Likewise, the claim against Hajdasz does not state a claim for intentional infliction of emotional distress. The plaintiff alleges that Hajdasz "improperly ordered Willauer to conduct an investigation into the plaintiff's complaint against Bowen. . . ." (ECF No. ¶ 48.) Consequently, Hajdasz sought to discipline the plaintiff and "without any support adopted and supported the false determinations of Willauer" that the plaintiff had provided false information in an internal investigation. (Id. at ¶¶ 49-51.) The actions of a supervisor who falsely states than an employee has lied, without more, are not extreme and outrageous. Petyan v. Ellis, 200 Conn. 243, 245, 254 (1986) superseded by statute on other grounds as stated in Chadha v. Charlotte Hungerford Hosp., 272 Conn. 776, 786-88 (2005). It is not "beyond all possible bounds of decency" for a police captain to investigate an officer's role in a complaint of police misconduct, to adopt the report of the investigating officer, and to seek to discipline an officer who is suspected of lying. Appleton, 254 Conn. at 210-11. Thus, the only two defendants against whom the plaintiff might have a claim for intentional infliction of emotional distress are Bowen and Willauer.
There are allegations that Bowen told the plaintiff that his wife was sleeping with a police captain, that Bowen waived a gun in the plaintiff's face, and that Bowen told the plaintiff that he did not care about his safety on duty. (Id. at ¶¶ 37-39, 59.) Bearing in mind that I must draw all reasonable inferences in favor of the plaintiff, Harris, 572 F.3d at 71, Bowen's alleged actions of angrily waiving a gun in the plaintiff's face, stating that he did not care if the plaintiff was safe on duty, and telling the plaintiff at "roll call attended by numerous employees" that his wife was having an affair with a police captain could amount to extreme or outrageous conduct; his actions are not merely insulting or impolite but are, at least as construed at the pleadings stage, beyond all possible bounds of decency in this context. Appleton, 254 Conn. at 210-11; cf. Russo v. City of Hartford, 341 F.Supp.2d 85, 120 (D. Conn. 2004) ("mere verbal threat" outside the presence of the plaintiff that "was not repeated or acted upon" is not as a matter of law extreme and outrageous.")
The allegations against Willauer do not state a claim because they are merely rude and insulting and do not extend "beyond all possible bounds of decency." Appleton, 254 Conn. at 210-11. Willauer expressed "concern that the plaintiff had notified the NAACP" about police misconduct. (ECF No. 28 at ¶ 30.) Willauer cursed at the plaintiff and told him to shove an evaluation down his throat. (Id. at ¶ 36.) He told the plaintiff that he didn't care about his safety—but unlike Bowen did not angrily waive a gun in the plaintiff's face. (Id. at ¶ 37.) Willauer also questioned the plaintiff "excessively and without notice or union representation" and sought to discipline the plaintiff after being ordered to begin an internal affairs investigation into the plaintiff. (Id. at ¶¶ 48, 55-56, 61, 82.) He made the "false finding" that the plaintiff lied in an investigation. (Id. at ¶ 49.) Given that Willauer did not physically threaten the plaintiff with a gun while also expressing disregard for the plaintiff's safety or publically insinuate that the plaintiff's wife was having an affair—unlike Bowen—Willauer's conduct does not rise above merely insulting or impolite behavior; the case against Willauer is not "one in which the recitation of the facts to an average member of the community would arouse his resentment against the actor, and lead him to exclaim, `Outrageous!'" Appleton, 254 Conn. at 211 (citations omitted). Therefore, Count Two is dismissed except for the plaintiff's claim against Bowen.

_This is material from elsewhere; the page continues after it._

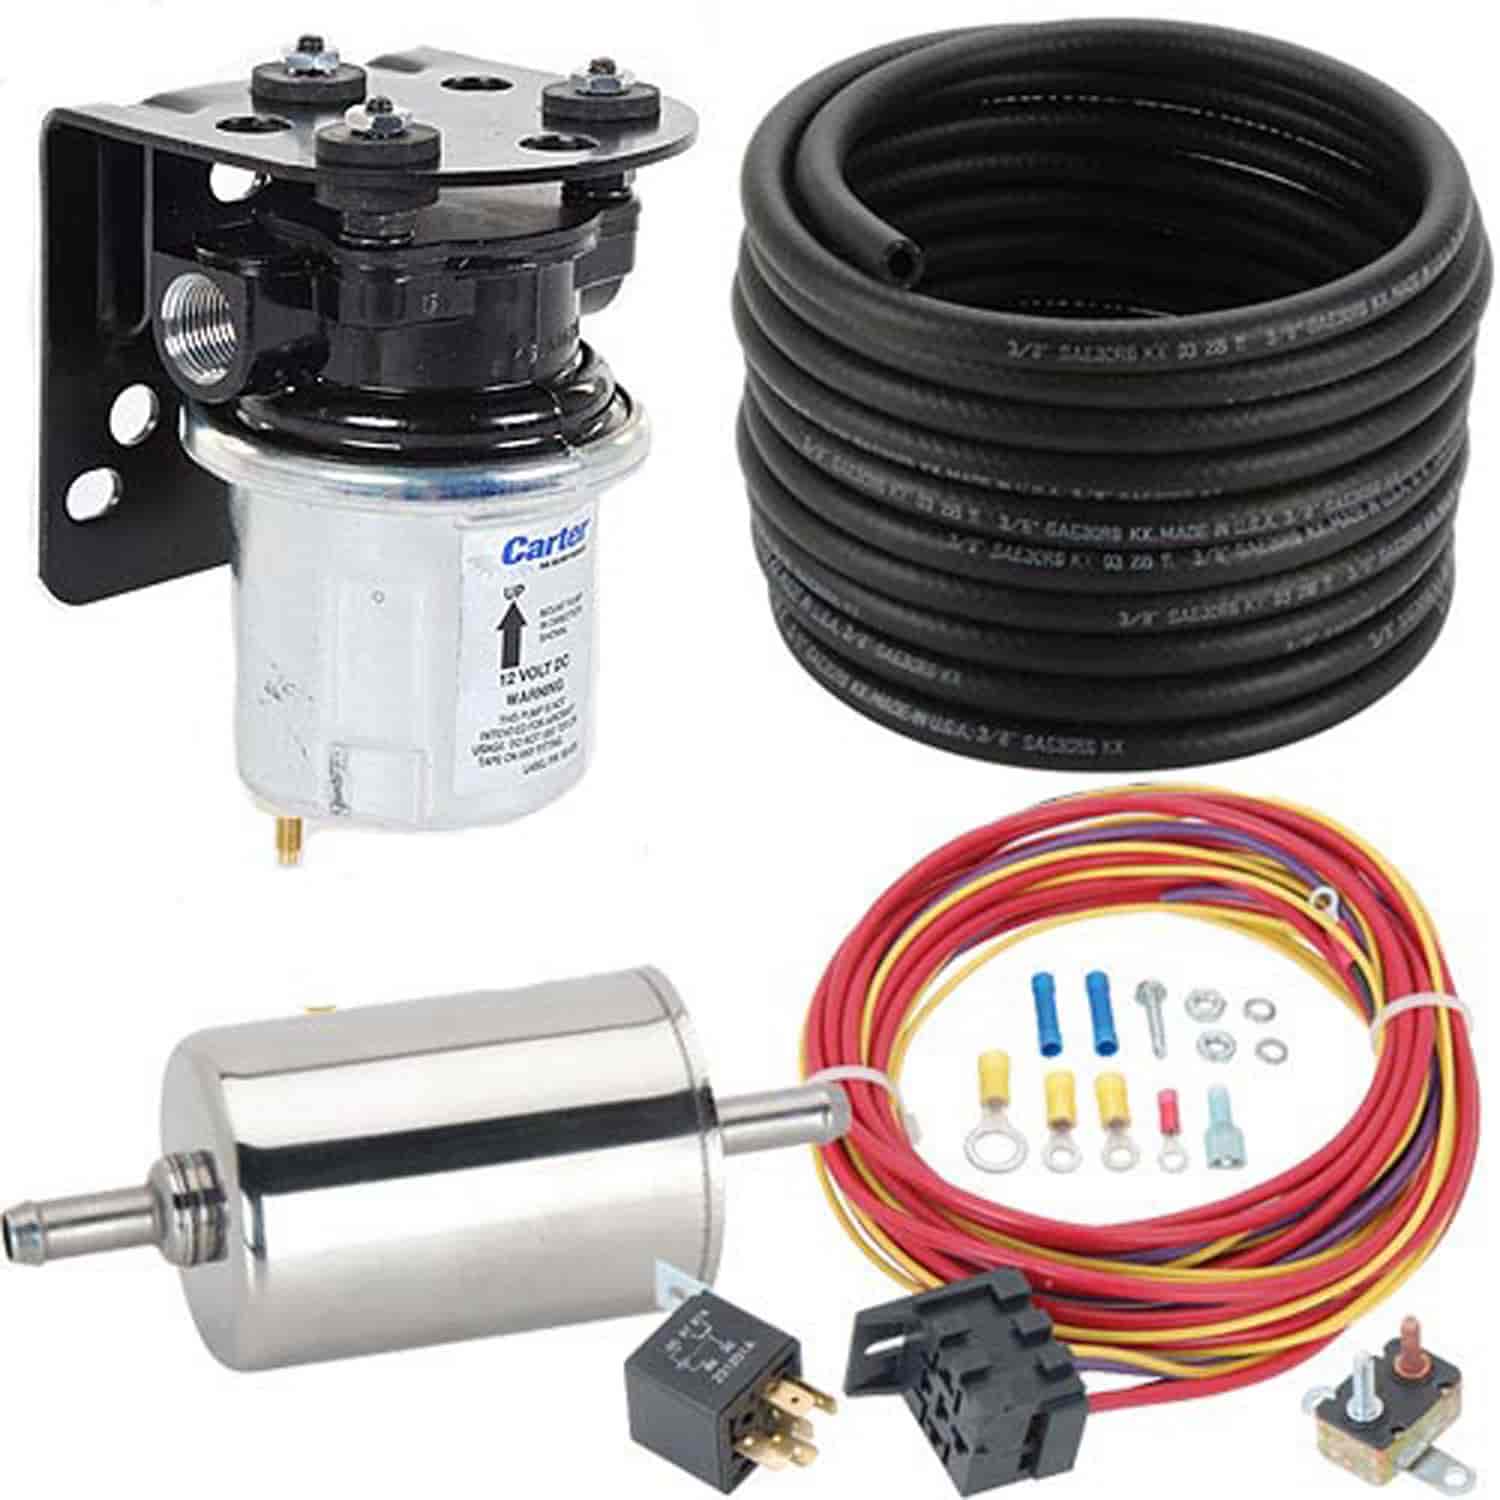 Electric Fuel Pump Kit with 100gph Pump

In Count Three, the plaintiff alleges that the Town of Bloomfield violated his rights to free speech and association under the First Amendment and his right to equal protection under the Fourteenth Amendment. (ECF No. 28 at ¶¶ 112-23.) The defendants move to dismiss the equal protection claim in Count Three. (ECF No. 31-1 at 25.) However, the plaintiff states in his opposition that he is not bringing an equal protection claim against the Town in Count Three. (ECF No. 32 at 18 ("The plaintiff's equal protection claim is not against the defendant Town.") Construing the plaintiff's statement as a motion to withdraw his Fourteenth Amendment claim in Count Three against the Town of Bloomfield, I grant the motion. See Aviles, 49 F. Supp. 3d at 234 (D. Conn. 2014) (treating a plaintiff who "dropped" a claim in his objection to a motion for summary judgment as making a motion to withdraw a claim).

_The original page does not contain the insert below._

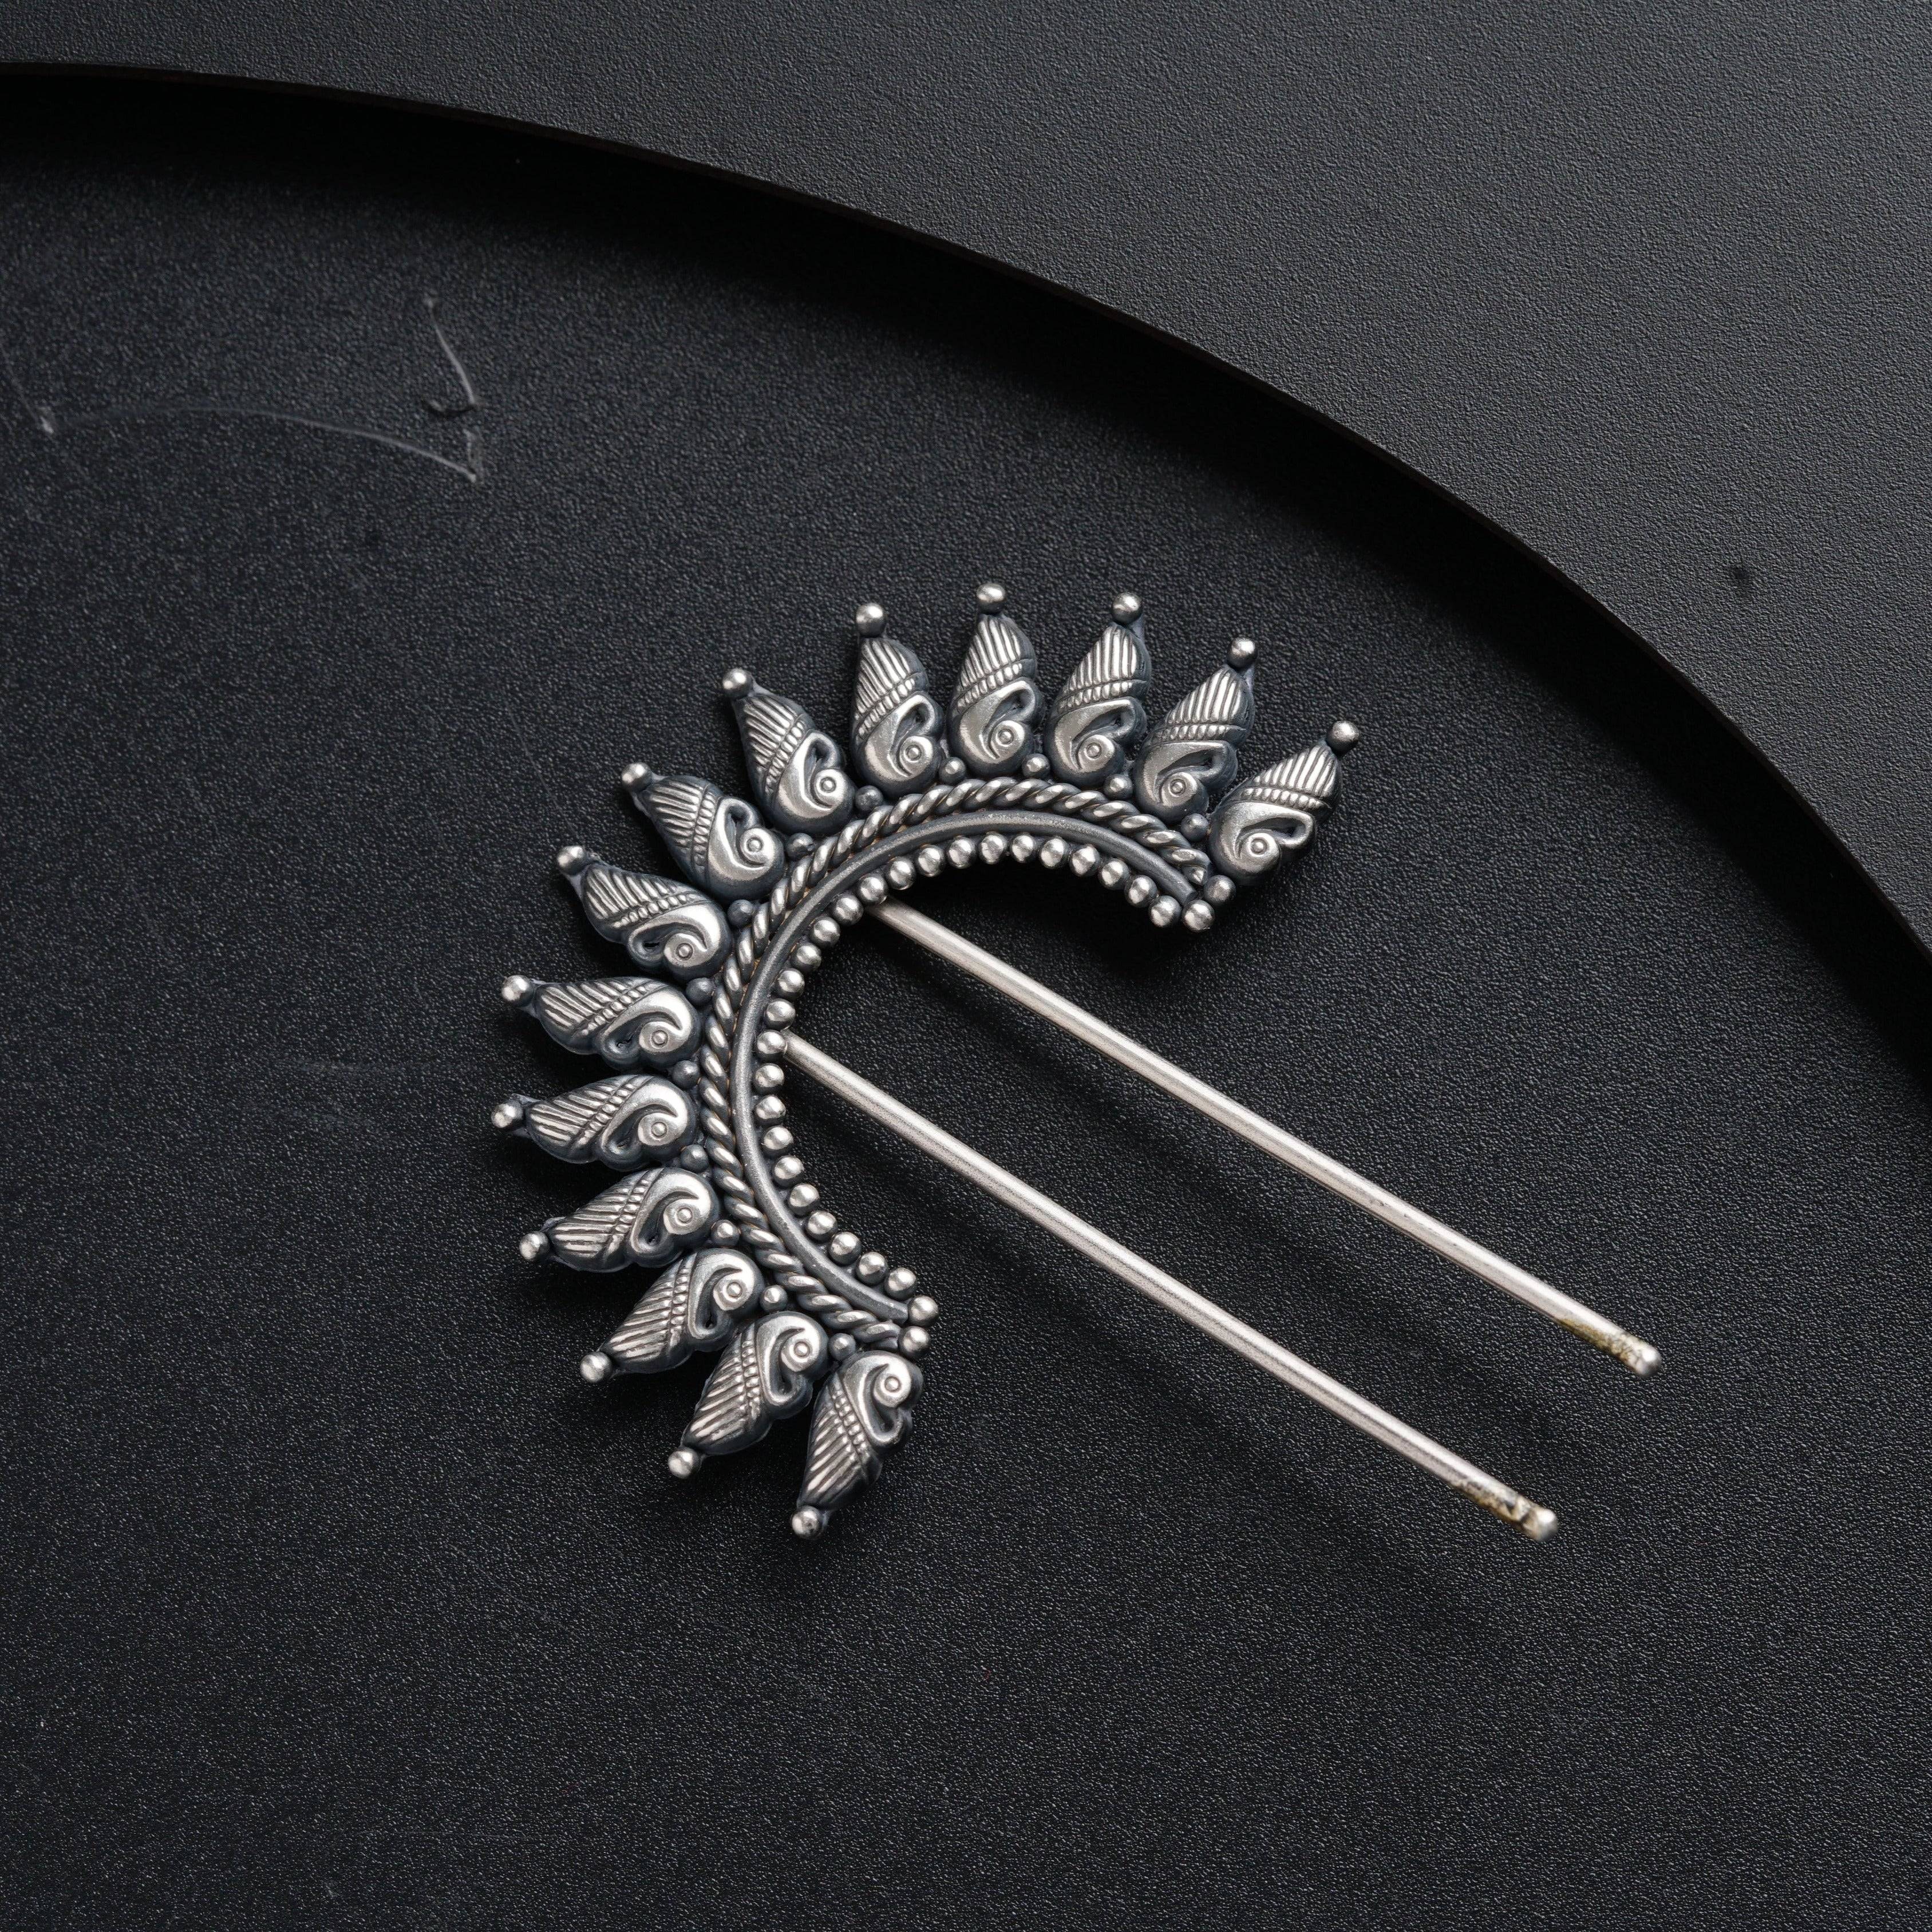 a pair of hair pins sitting on top of a black surface

Even if the plaintiff did not intend to withdraw his equal protection claim in Count Three, the claim does not statue a plausible violation of the Fourteenth Amendment. That amendment provides that no state may "deny to any person within its jurisdiction the equal protection of the laws." U.S. Const. amend. XIV, § 1. A government employer does "not escape the strictures of the Equal Protection Clause in their roles as employers," but not "every employment decision [is] a constitutional matter." Engquist v. Oregon Dep't of Agr., 553 U.S. 591, 597 (2008) (internal quotations and citations omitted). So-called "class-of-one" claims, where a person claims to have been singled out for unequal treatment, are not permitted in the public employee context. Id. at 605.
Rather, "the Equal Protection Clause is implicated when the government makes class-based decisions in the [public] employment context, treating distinct groups of individuals categorically differently." Id. The plaintiff emphasizes that he is not bringing a class-of-one claim. (ECF No. 32 at 22.) Thus, as a public employee, Cecchini must allege that he was part of a distinct group of individuals, which the Town of Bloomfield treated categorically differently. Engquist, 553 U.S. at 605.

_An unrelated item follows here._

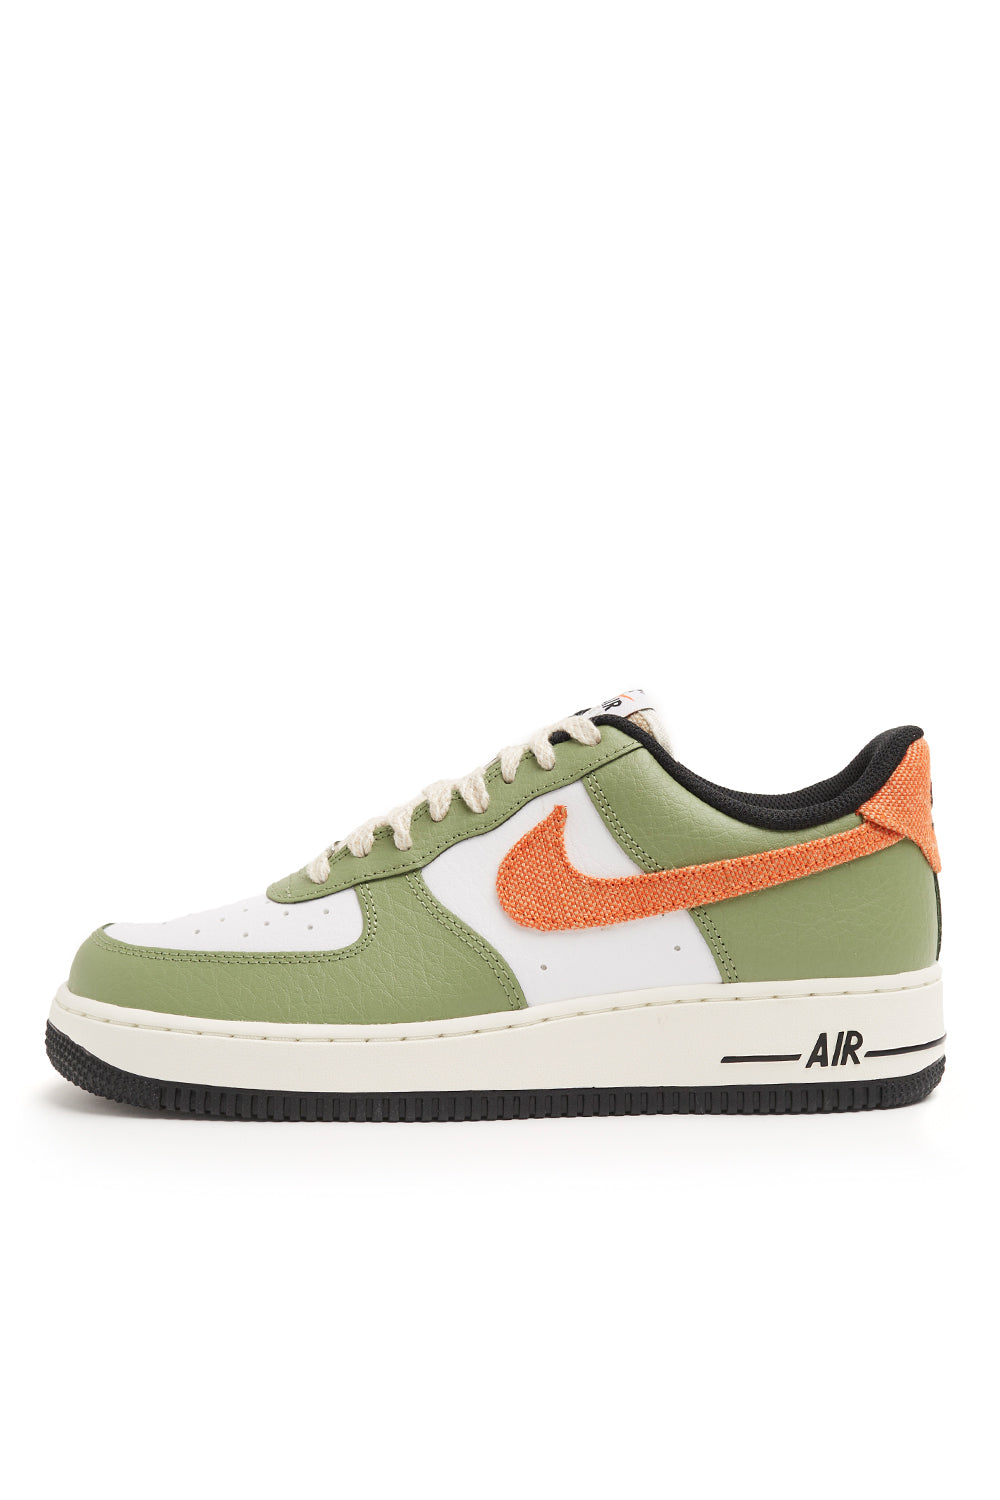 Nike Air Force 1 High Oil Green for Sale, Authenticity Guaranteed

The plaintiff alleges that Bloomfield's policies were used "to retaliate against Plaintiff, and other similarly situated officers, who speak on a matter of public concern, or associate or and [sic.] advocate for their union." (Id. at 118-19.) One could argue—although the plaintiff does not appear to do so—that the plaintiff alleges here that he is part of the class of unionized officers who exercise their free speech rights. (ECF No. 32 at 22-23.) Even if the plaintiff does make that argument, he does not allege facts to support the conclusory allegation that this class exists and that it was treated differently. The plaintiff does allege facts about a disciplinary hearing of Donald Rajtar, a fellow union member, but Rajtar was disciplined for working unauthorized overtime, not for exercising his free speech rights. (ECF No. 28 at ¶¶ 67-71.) The plaintiff merely states that he is a member of a class but does not allege that other class members exist or that the Town of Bloomfield "treat[ed this] distinct group[] of individuals categorically differently." Engquist, 553 U.S. at 606.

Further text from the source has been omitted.